*Instructions for the task*
Please set down, with no changes, every line of the material below from the one containing "Eoin Colfer: Artemis Fowl: The Graphic Novel" through the end. Skip the pictures.

*Supplied information*
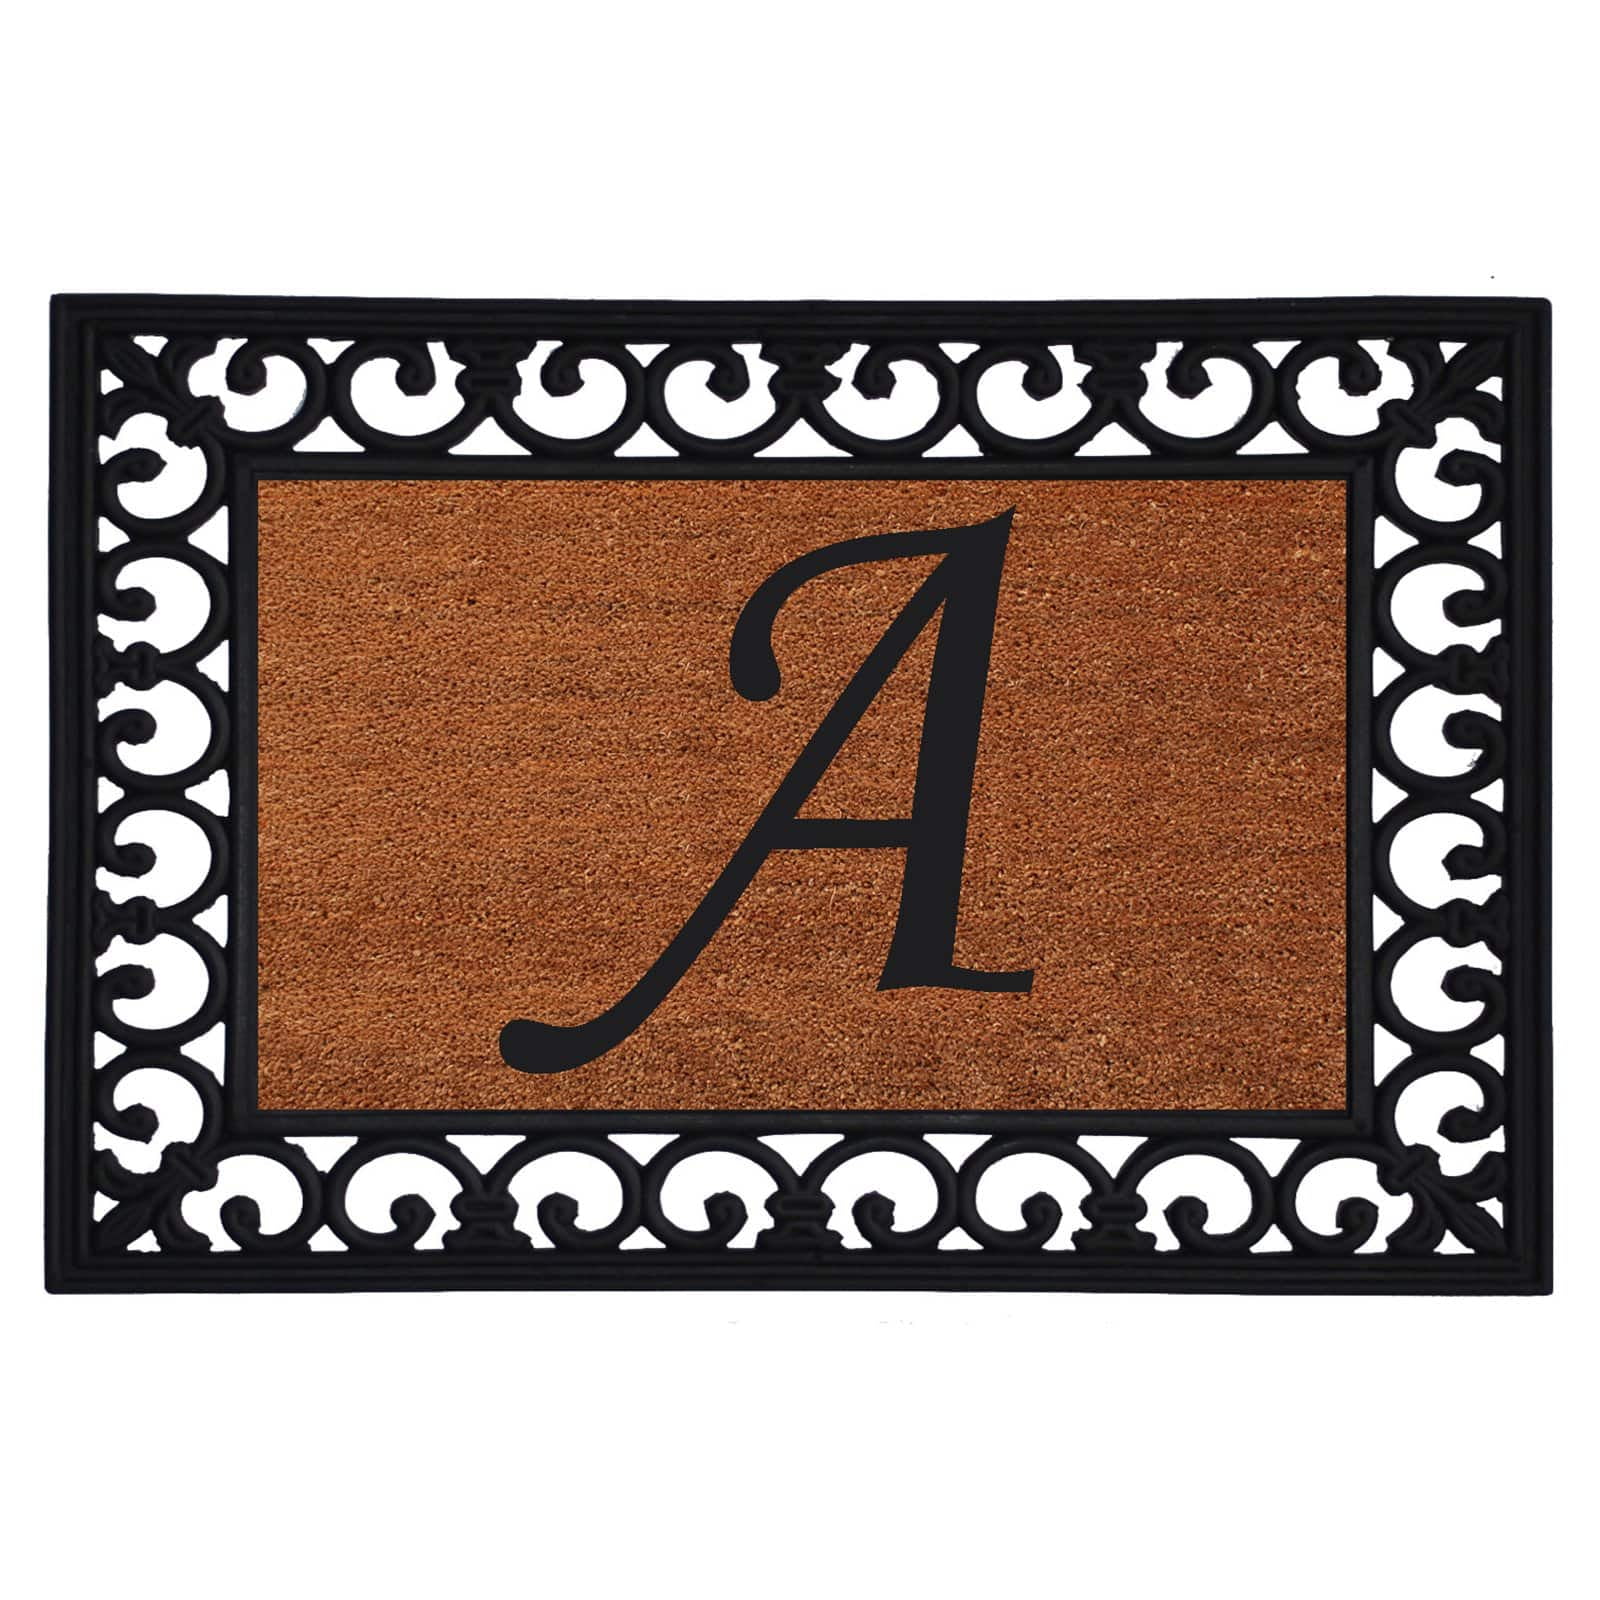 Monogram Coir 18” x 30” Doormat By US Decor Natural Outdoor Personalized Letters 
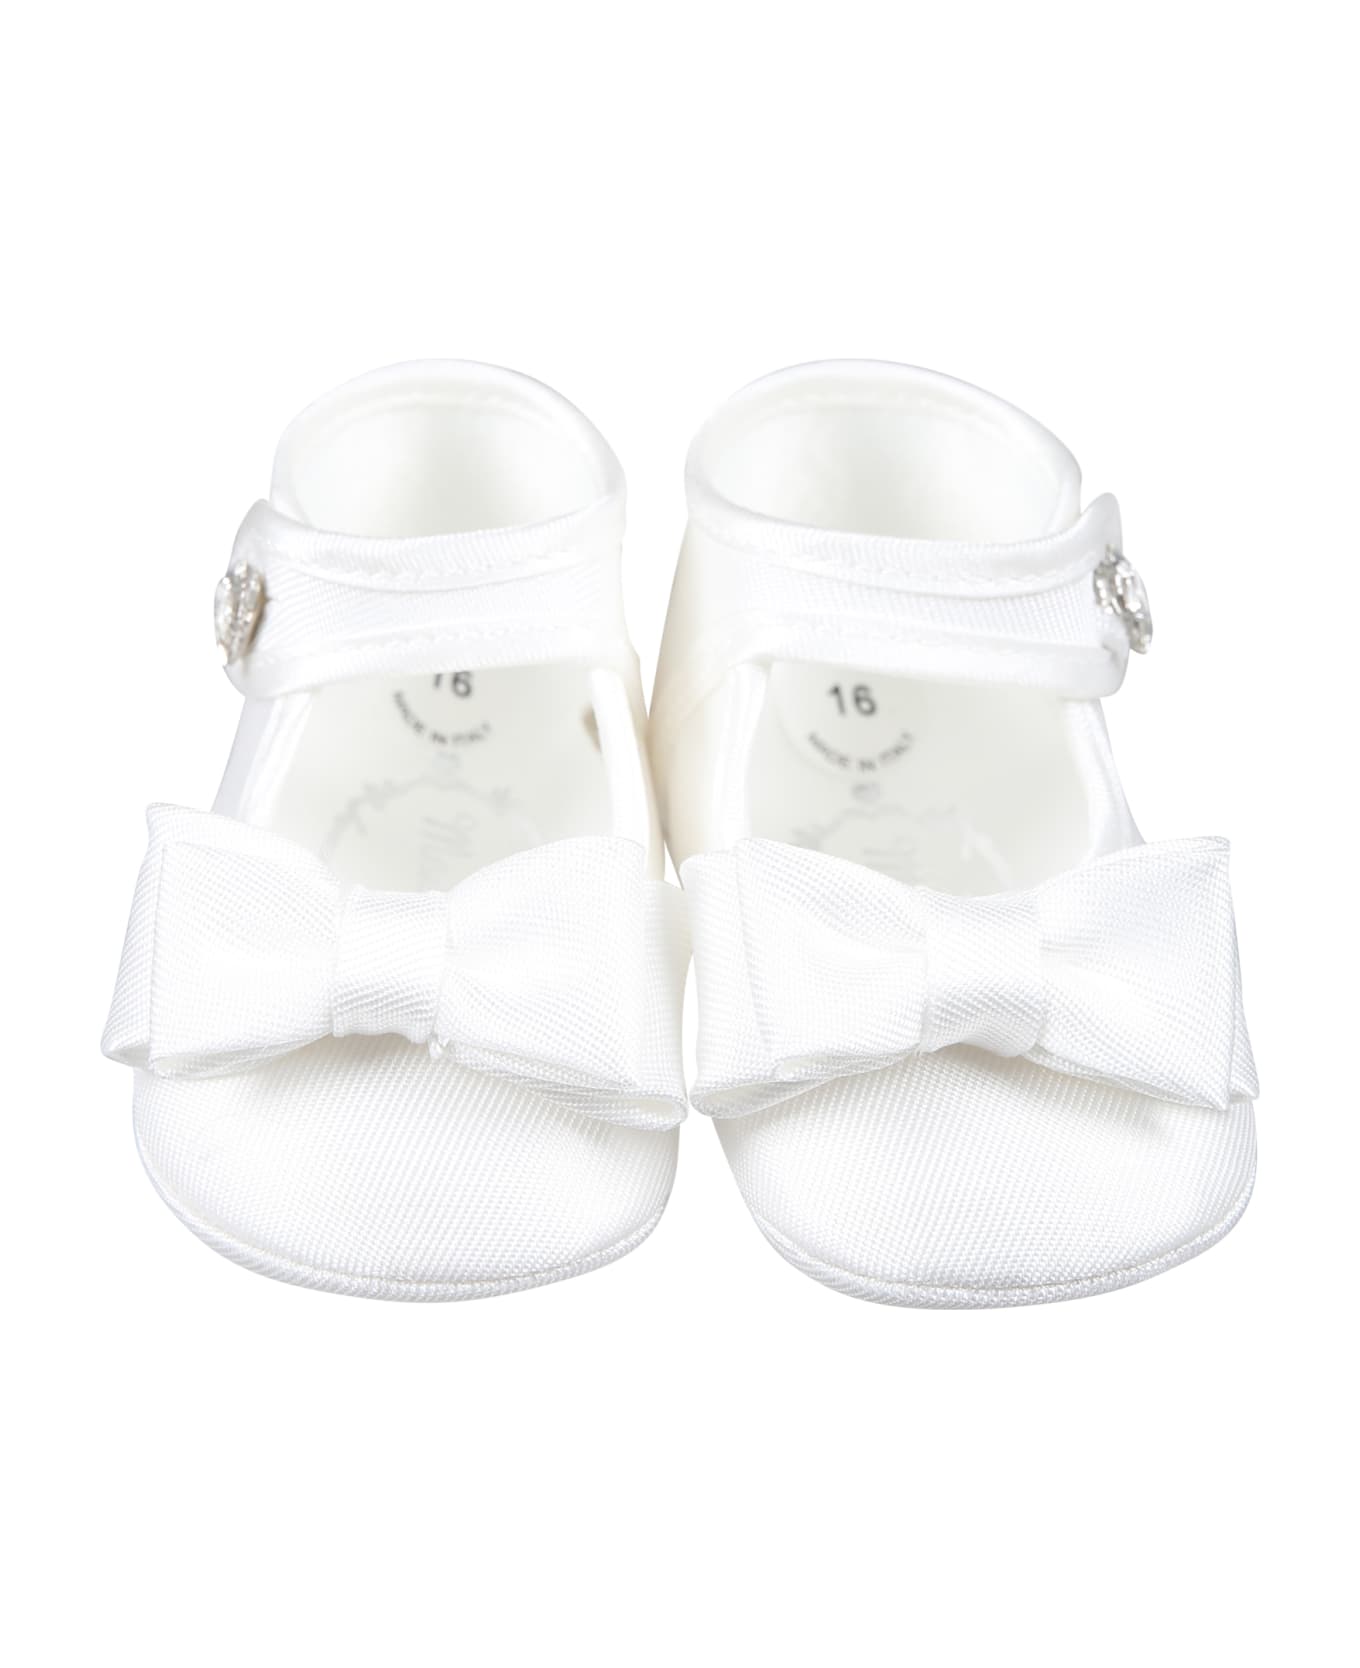 Monnalisa White Flat Shoes For Baby Girl With Bow - White
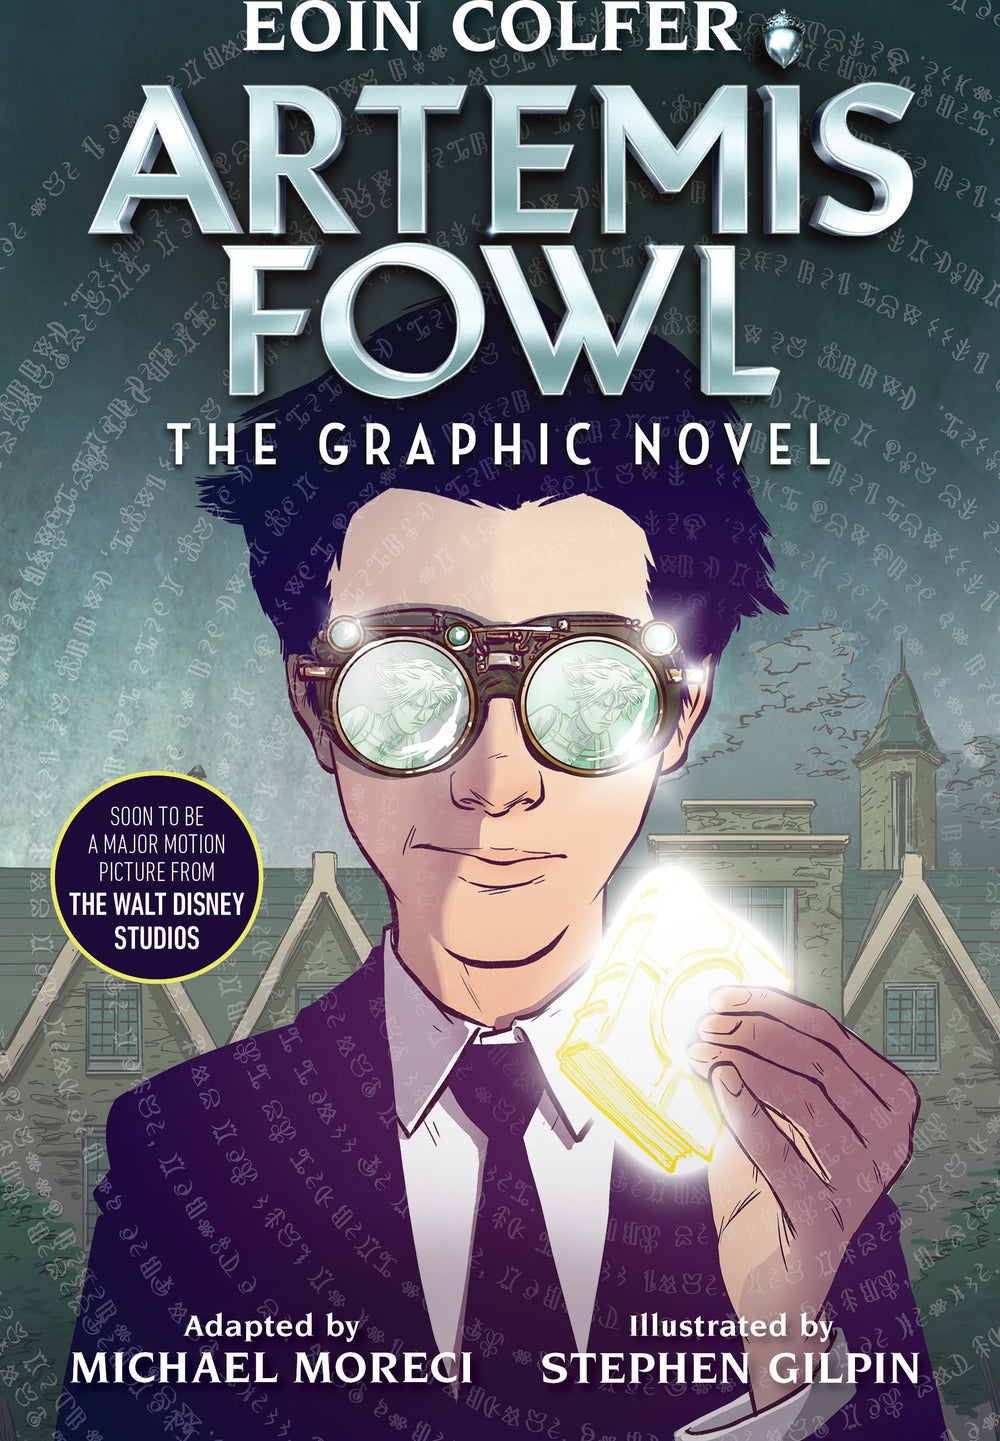 Eoin Colfer: Artemis Fowl: The Graphic Novel
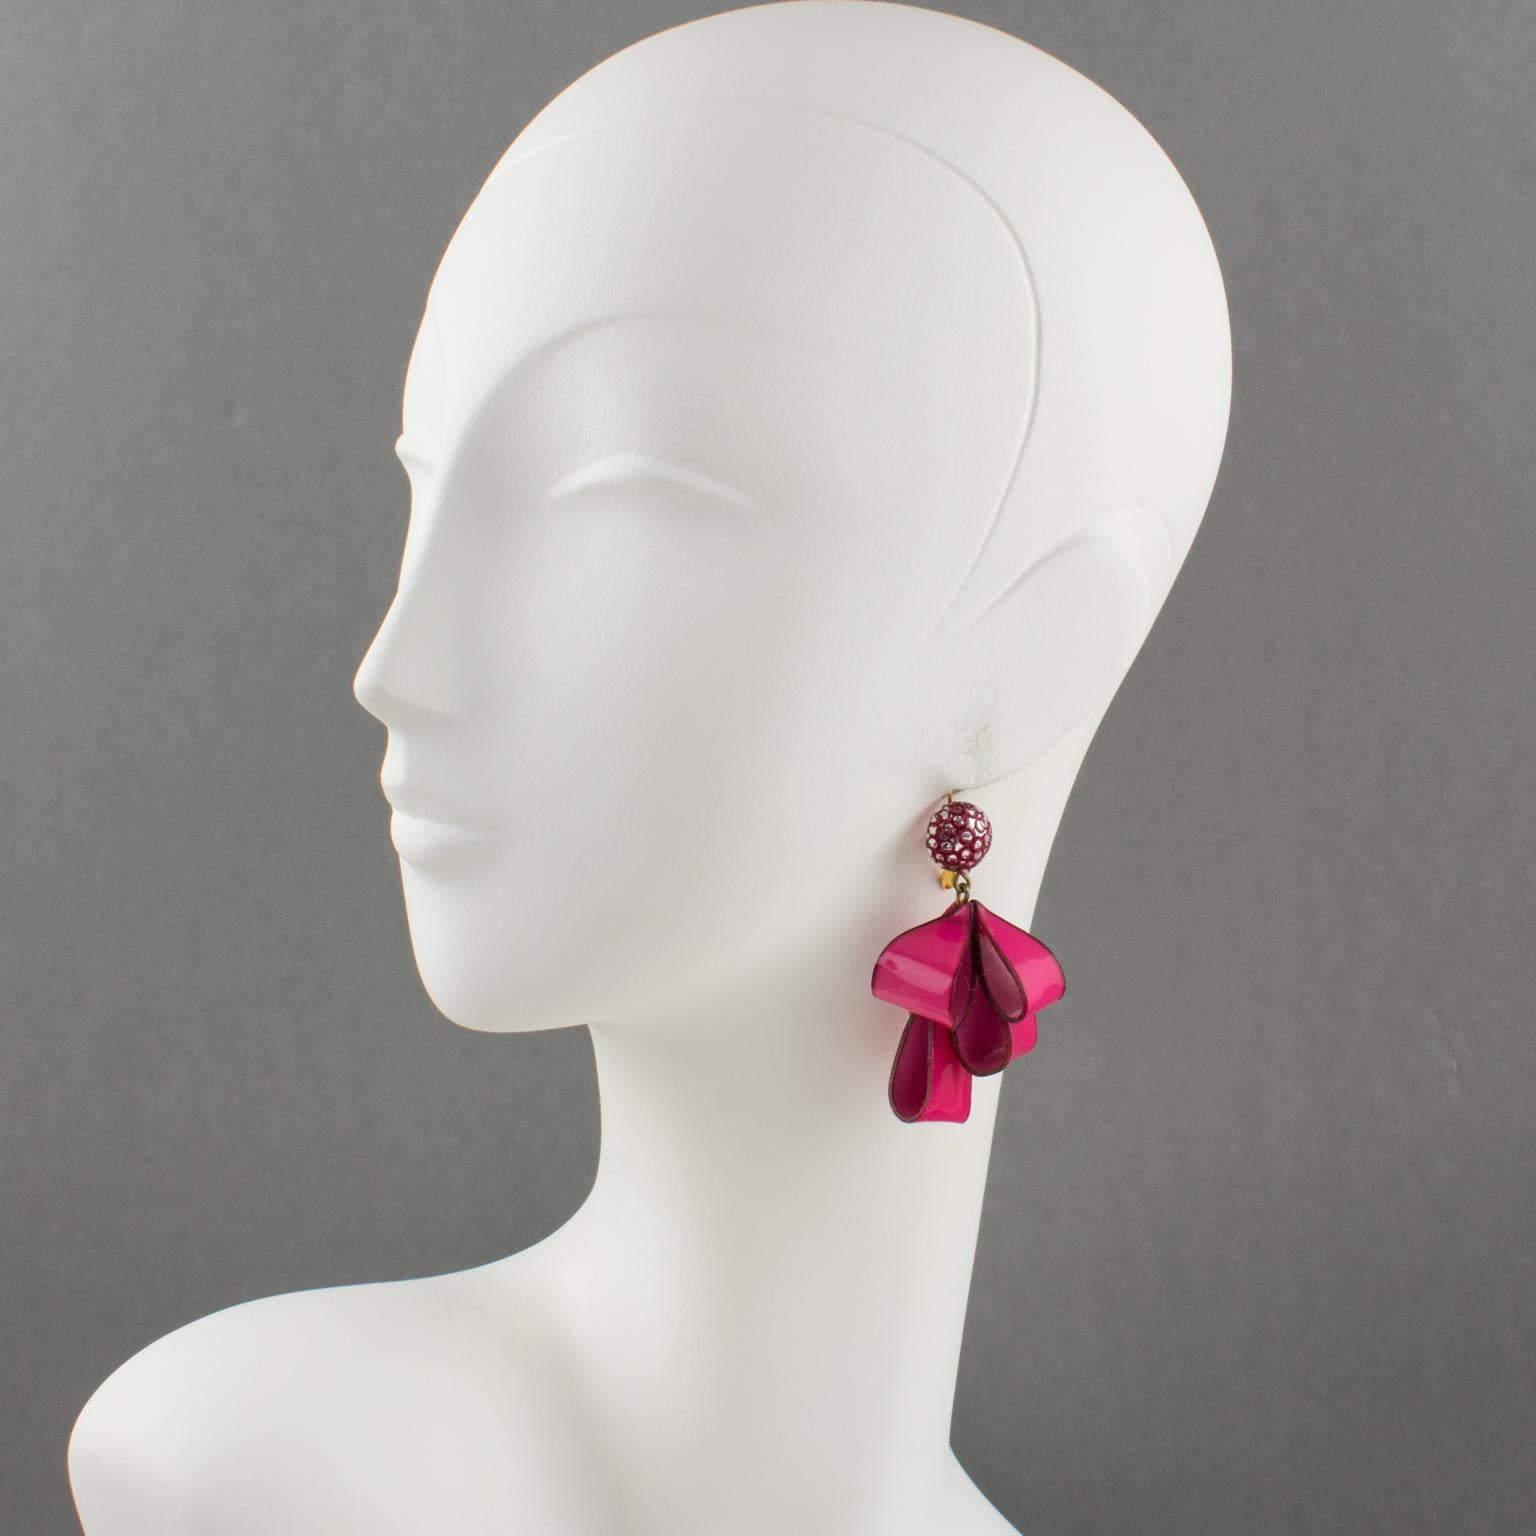 Adorable dimensional dangling pierced earrings by Cilea Paris. Hand-made artisanal resin or Talosel earrings featuring dimensional ribbon with textured patterns build together to form a powerful statement piece. Very nice vivid hot pink and silver

*Finished exercise*
 Eoin Colfer: Artemis Fowl: The Graphic Novel
 Adorable dimensional dangling pierced earrings by Cilea Paris. Hand-made artisanal resin or Talosel earrings featuring dimensional ribbon with textured patterns build together to form a powerful statement piece. Very nice vivid hot pink and silver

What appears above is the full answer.